The technology and knowledge are transferred from the research organizations to the industrial adopters, just before the process of commercial application of academic research. University spin-offs are a perfect tool for technology transfer. The university spin-off process is initiated inside the university which creates and facilitates the spin-off process, both formally and informally. However it is necessary to underline that university spin-offs find their parallel in the corporate entrepreneurship concept (Sharma, Chrisman, 1999). This feature follows the logic of Bjørnåli, Gulbrandsen (2009) who describe spin-off as a new business initiative within already existing company or organization, started by an employee or a relative small group. They underline that spin-off company becomes independent with its own feasibility in terms of legal, technical and commercial structure, and refers to the separation from the parent unit to a new activity created for the commercial exploitation of resources.

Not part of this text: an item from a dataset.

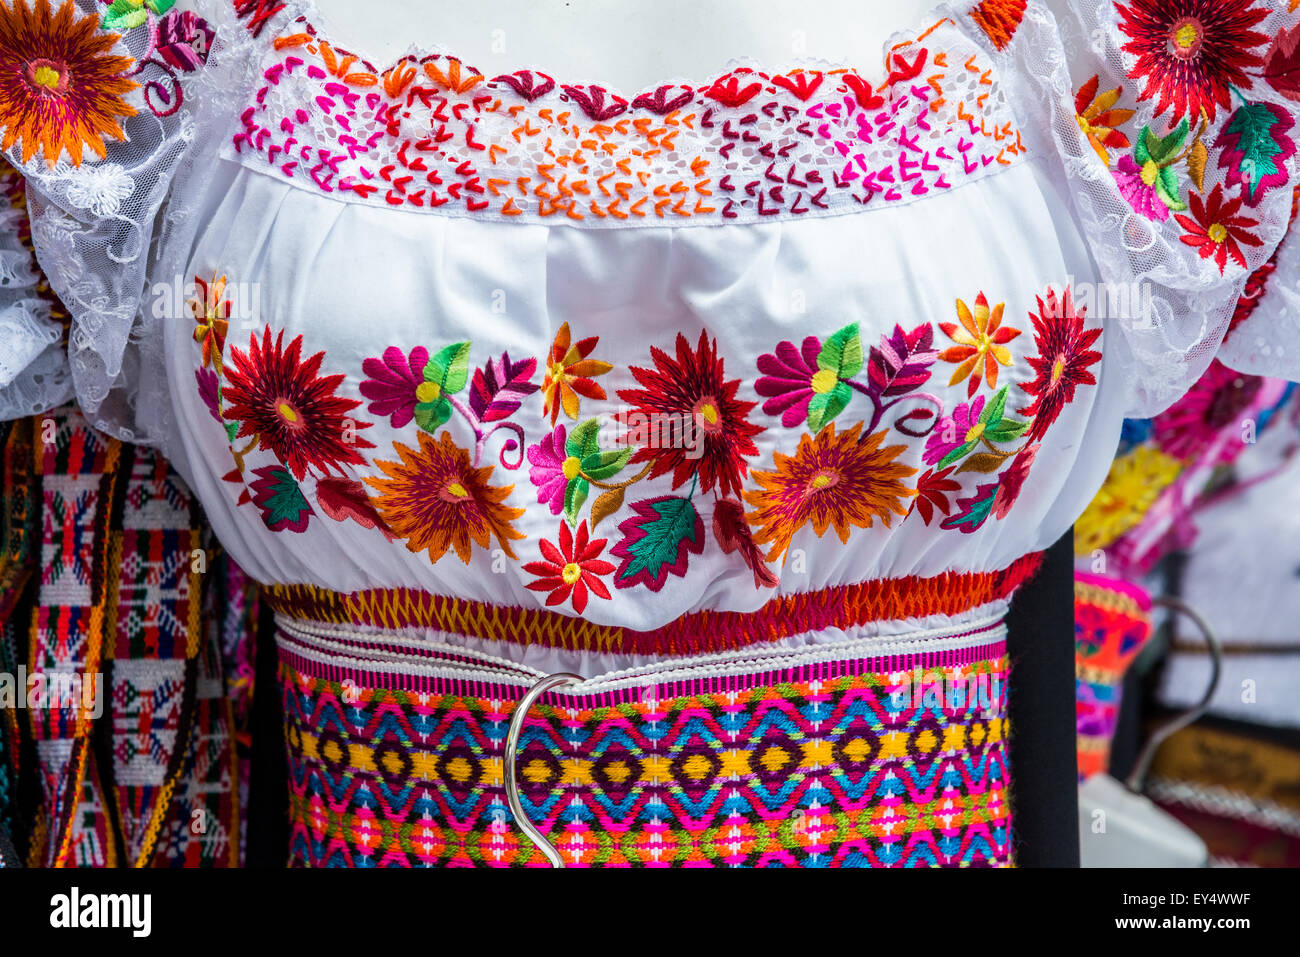 Bunt verwickelt Dame Kleid des traditionellen Anden-Stil. Otavalo, Ecuador. Stockfoto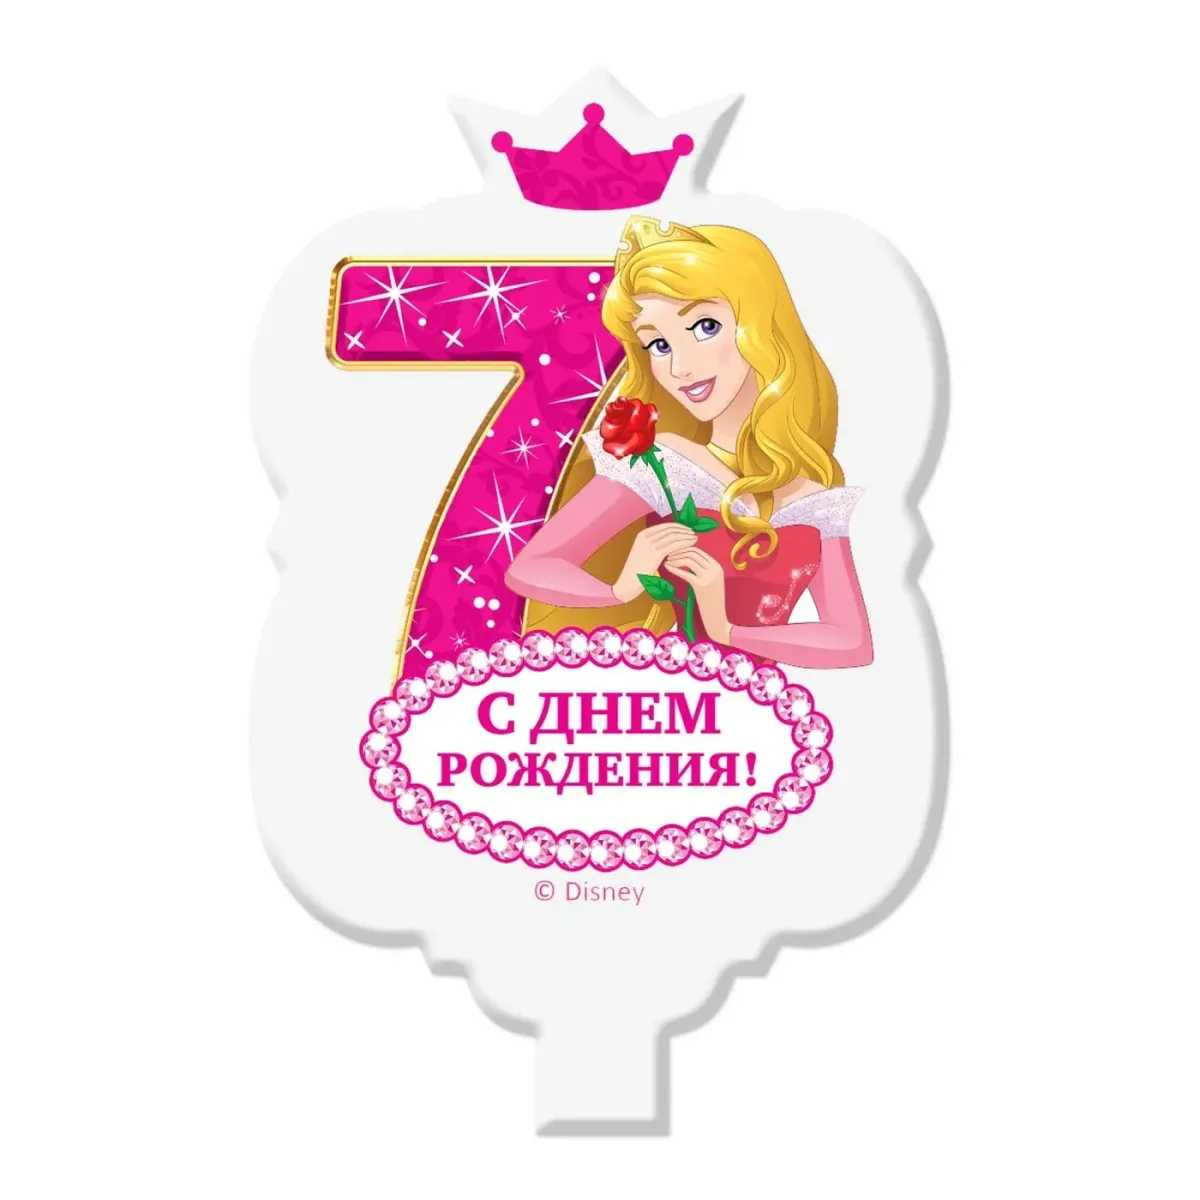 Поздравляю с днем рождения девочке 7. День рождения принцессы. 7 Лет девочке поздравления. Поздравляем принцессу с днем рождения. Открытка с днём рождения девочке 7 лет.

The process of transformation is complex and sometimes possess challenges for both the spin-off project and the context which it operates; the clash of scientific and industrial culture often leads to difficulties and sometimes to failure of the new venture (Samsom, Gurdon, 1993). Vohora et al. (2004) claim that “without developing or accessing the capability to combine scientific knowledge with a commercially feasible offering that satisfies an unfulfilled market need, academic scientists would not be able to proceed towards commercializing their technologies” (p. 149). In reference to intellectual property university spin-offs are defined as “a company founded to exploit a piece of intellectual property created in an academic institution” (Shane, 2004, pp.25).

University spin-off companies are initiated by faculty, students, graduates and other staff who either leave university to start company, or create company while is still inside the university (Rappert et.al., 1999). The university spin-off ventures are established to exploit new research results, in which new information and new technology plays an important role; accelerate the process of commercialization of research, combine market mechanisms and resources of higher education and accelerate the implementation of innovative solutions (Ramusen, 2006).

University spin-off companies are a particular expression of academic entrepreneurship. They are the primary mechanism for knowledge and technology transfer within the research and development projects, and can be supported by government and private funds (Bercovitz, Feldmann, 2006).